Tri Swim Coach

Saturday Swim Session: 80/20 Swim Mixed Intervals #2

A mixed Interval swim provides a range of intensities in order to enhance your fitness. This session is good for triathletes, as well as open-water swimmers.

Each Saturday I will post a Swim Session, and most weeks I will load three options up for you to do. Option A is for swimmers who are after a workout between 1,000 & 2,000 metres. Option B is for swimmers who are after a workout between 2,000 & 3,000m and Option C will be more excellent than 3,000m.

These workouts come from Matt Fitzgerald and David Warden‘s book 80/20 Triathlon.

Option A

  • 500m W/U;
  • 5x 100m 15RI;
  • 250m Swim;
  • 10x 25m 10RI;
  • 250m C/D (1,750m)

Option B

  • 500m W/U;
  • 5x 200m 15RI;
  • 250m Swim;
  • 10x 25m 10RI;
  • 500m C/D (2,500m)

Option C

  • 500m W/U;
  • 5x 200m 15RI;
  • 250m Swim;
  • 10x 25m 10RI;
  • 500m Swim;
  • 500m C/D (3,000m)

For the Warm Up (WU) start with a 500m swim. During the warm-up feel free to stop and stretch as needed.  It doesn’t need to be a continuous swim.

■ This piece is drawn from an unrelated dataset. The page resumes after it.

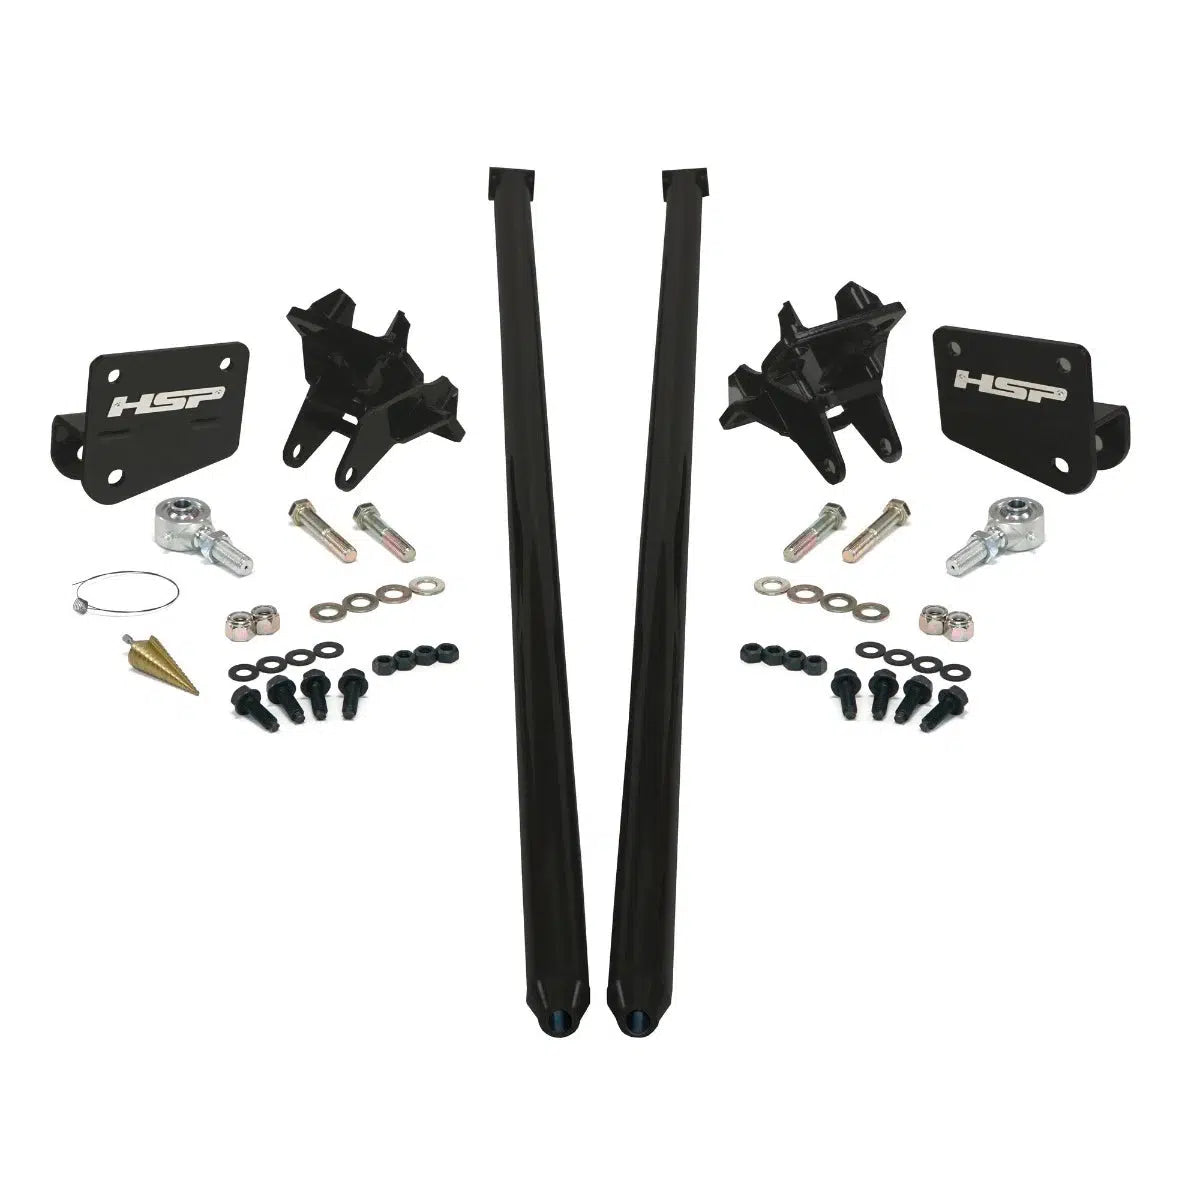 2011-2017 Powerstroke Traction Bars (ECLB,CCSB) (HSP-P-435-2-3-HSP)-Traction Bars-HSP Diesel-HSP-P-435-1-3-HSP-GB-Dirty Diesel Customs

The first set is made up of five reps of 100m (Option A) or 200m (Options B & C), take a fifteen second Rest Interval (RI) after each rep.

Next up swim a 250m continuous swim.

Follow that with a set of ten, 25m reps with a ten second Rest Interval (RI) between each rep.

If you are doing Option C prior to the Cool Down swim another 500m continuous swim.

For the Cool Down (CD) swim 250m (Option A) or 500m (Options B & C). Unlike the previous sets which have to be freestyle, the cooldown (like the warm-up) can be any stroke you wish to swim.  You can also stop and rest after any length.  I encourage you to stop and stretch during the cool-down.